As Barack Obama pointed out last week, the people of New Orleans and the entire Gulf Coast were abandoned by this nation's leaders long before a President decided to continue a vacation of bicyle riding and golfing rather than looking into the management of an impending catastrophe in a corner of his realm populated largely by the same destitute masses who had been driven into the depths of poverty by his own administration's policies of malignant neglect. Throwing money in their direction now may cause Barbara Bush to pursue further Marie Antionette-musings on the good fortune of indigents who are dumped by a violent Nature onto the golden doorstep of Power. It will also further enrich corporations and their contractors—many of the same which have profited from the excesses of the Iraqi occupation. But will it restore life to the innumerable people who had been left to a living death by the same imperial forces that now pretend to resurrect them?
Maybe there is no other practical response now; maybe with all that has happened, there is no other recourse but to spend what is necessary to heal the appearances of this disaster.

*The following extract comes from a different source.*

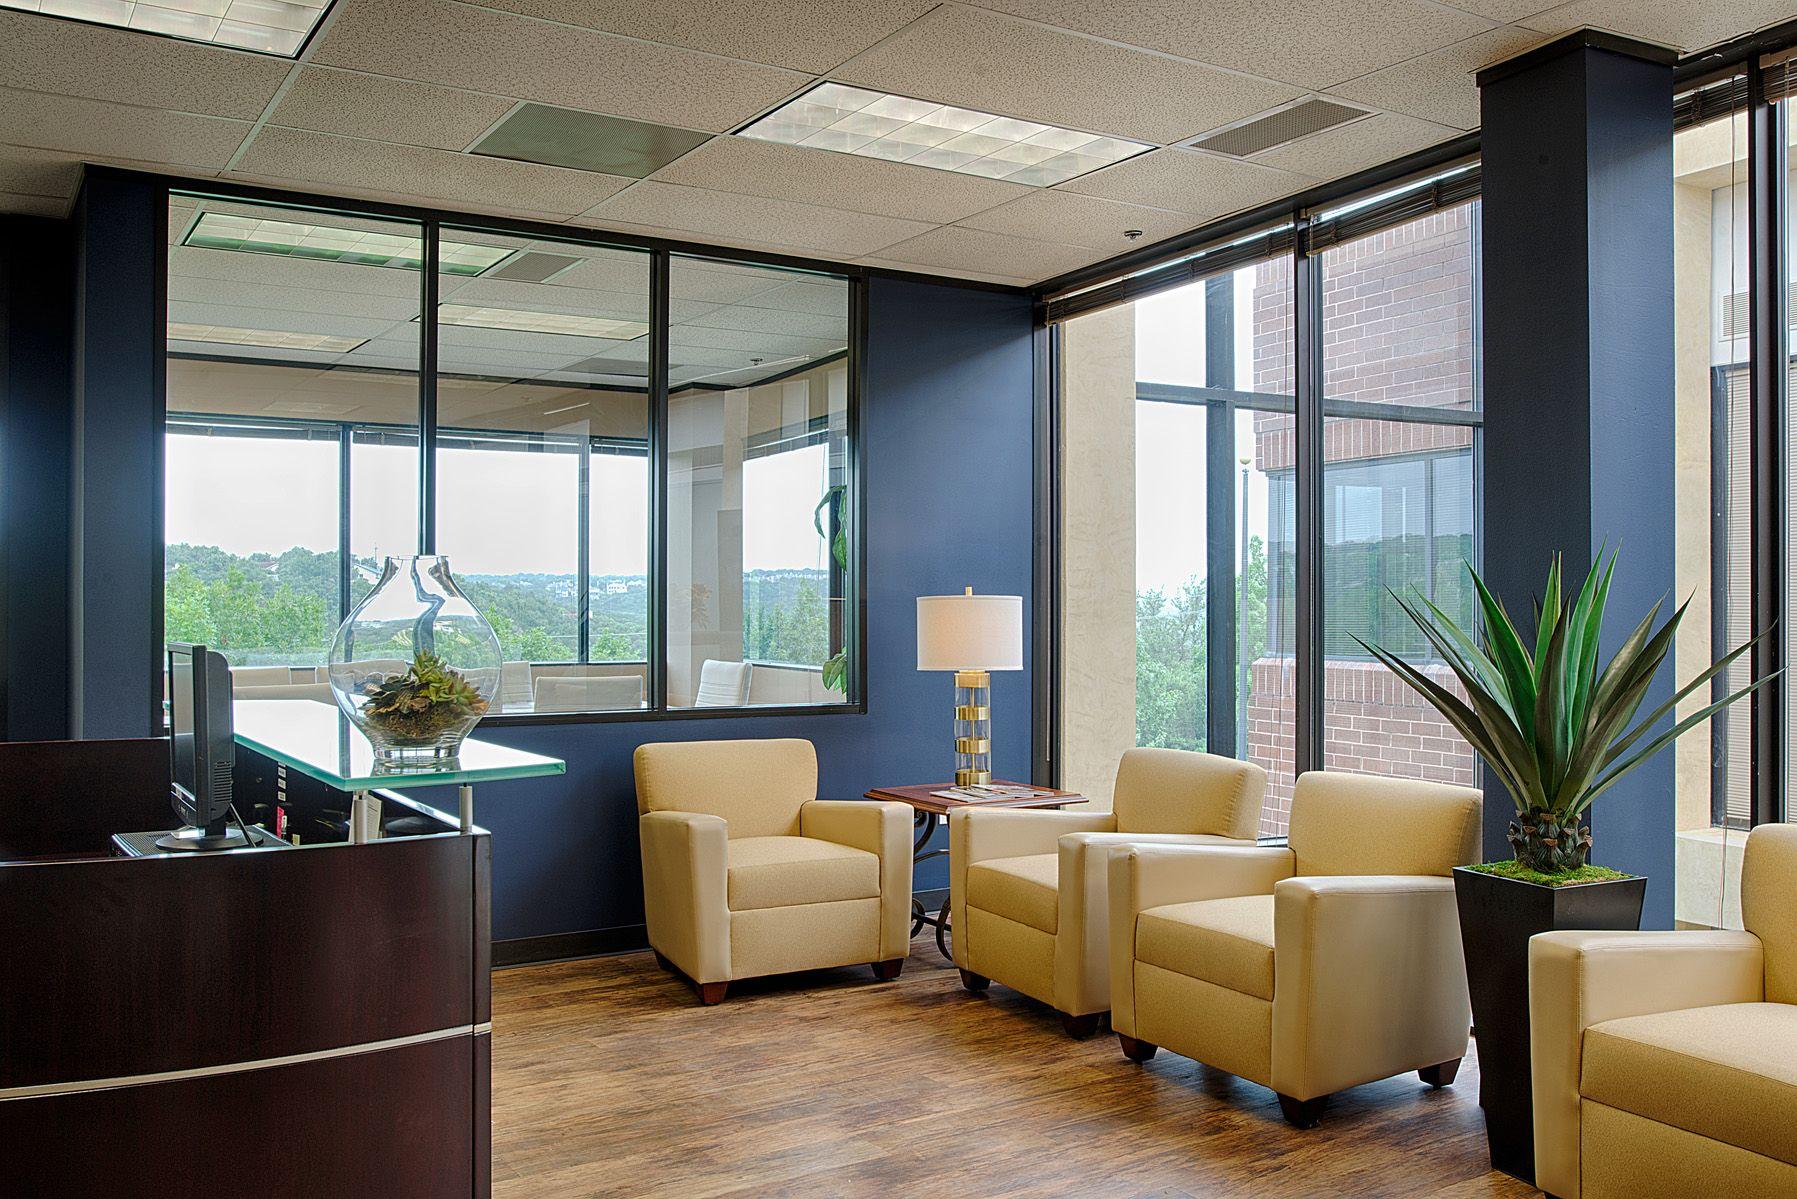 Картинки интерьеров офисов

But if that's where we leave it, then the suffering, the death, the poverty, and the negligent homicide of this administration will continue—in another place, at another time, amid other tragedies of man and Nature.
While the story of the Katrina disaster has been told through the images, sound bites, and printed columns of our mass media (and, it must be said, with considerably more truth and courage than we have been accustomed to getting from them), hundreds more have been killed and maimed in Iraq—a continuing carnage of inconceivable horror and human waste. At the same time, more lies, hypocrisy, and posturing have been wrought within the United Nations (see Nicholas Kristof's excellent op-ed on this in the Times); while the suppression of evidence on Karl Rove's crimes and the imperialistic designs revealed in the Downing Street Memo continues in Congress.
All of us must make the effort to expand our awareness of all these crimes of negligence and deceit, so that this nation's leaders are forced by the will of a free and conscious people to dispel the insanity of arrogance and deception that has brought us to this shameful and agonizing moment in American history.